Hadoop integration diagram

The Hadoop registration service should be installed on an edge node of the CDH cluster. The gateway component will authenticate all incoming request and forward the request to the Hadoop services. In a kerberized cluster, the keytab of the Hadoop registration service user and the spnego keytab for the edge node will be used to acquire the ticket to communicate with the Hadoop services. All requests to the Hadoop service will be submitted as the Watson Studio Local user.

Edge node hardware requirements
  • 8 GB memory
  • 2 CPU cores
  • 100 GB disk, mounted and available on /var in the local Linux file system
  • 10 GB network interface card recommended for multi-tenant environment (1 GB network interface card if WEBHDFS will not be heavily utilized)
Create an edge node

The Hadoop registration service can be installed on a shared edge node if the resources listed above are exclusively available for Hadoop registration.
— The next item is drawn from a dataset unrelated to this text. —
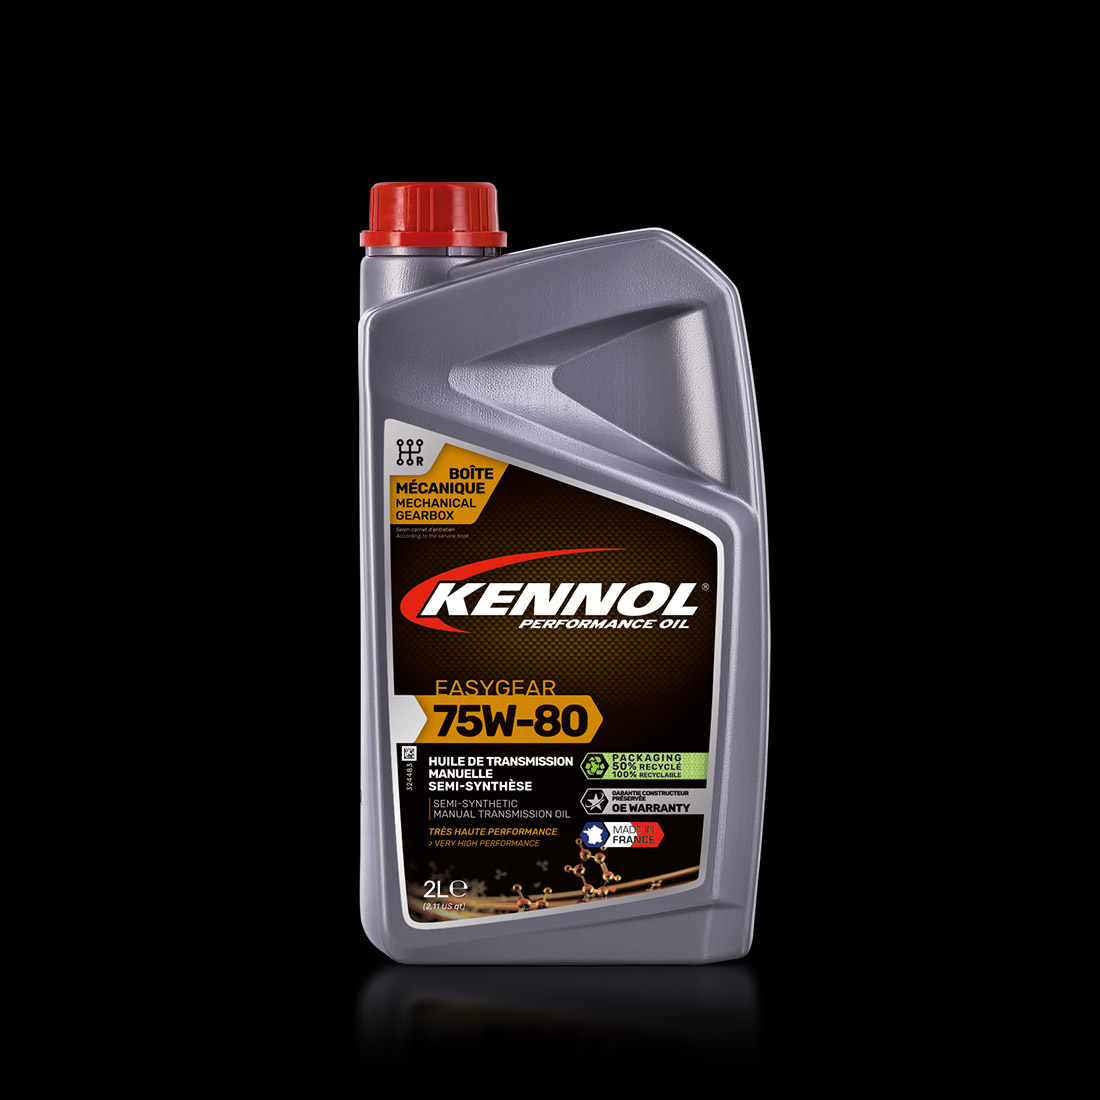 EASYGEAR 75W-80  KENNOL - Performance Oil

When the edge node is successfully created, it should have the following components:

  • The Hadoop Gateway Role installed.
  • The Spark Gateway Role installed if the CDH cluster has a Spark service.
  • The Spark2 client installed if the CDH cluster has a Spark2 service.
Additional prerequisites

In addition, the following requirements should be met on the edge node:

  • Have Python 2.7 installed.
  • Have curl 7.19.7-53 or later to allow secure communication between the Hadoop registration service and Watson Studio Local.
  • Have a service user that can run the Hadoop registration service. This user should be a valid Linux user with a home directory created in HDFS.
  • The service user should have the necessary Hadoop Proxyuser privileges in HDFS, and WebHCAT services to access data and submit asynchronous jobs as Watson Studio Local users.
  • For a kerberized cluster: Have the keytab for the service user. This eliminates the need for every Watson Studio Local user to have a valid keytab.
  • Have an available port for the Hadoop registration service. The port for the Hadoop registration service should be exposed for access from the Watson Studio Local clusters that need to connect to the CDH cluster.
  • Have an available port for the Hadoop registration Rest service. This port need not be exposed for external access.
  • Depending on the service that needs to be exposed by Hadoop registration, have an available port for Livy for Spark and Livy for Spark 2. These ports do not need to be exposed for external access.
Install the Hadoop registration service

To install and configure the Hadoop registration service on the edge node, the Hadoop admin must complete the following tasks:

  1. Download the Hadoop registration RPM file (dsxhi_<platform>.rpm) to the edge node, for example, dsxhi_x86_64.rpm.
  2. Run the RPM installer. The rpm is installed in /opt/ibm/dsxhi.
  3. Create a /opt/ibm/dsxhi/conf/dsxhi_install.conf file using /opt/ibm/dsxhi/conf/dsxhi_install.conf.template.CDH as a reference. Edit the values in the conf file. For guidance, see the inline documentation in the dsxhi_install.conf.template.CDH files.
  4. In /opt/ibm/dsxhi/bin, run the ./install.py script to install the Hadoop registration service. The script prompts for inputs on the following options (alternatively, you can specify the options as flags):
    • Accept the license terms (Hadoop registration uses the same license as Watson Studio Local). You can also accept the license through the dsxhi_license_acceptance property in dsxhi_install.conf.
    • If the Cloudera Manager URL is specified in dsxhi_install.conf, you will be prompted for the password for the cluster administrator. The value can also be passed through the --password flag.
    • The master secret for the gateway service. The value can also be passed through the --dsxhi_gateway_masster_password flag.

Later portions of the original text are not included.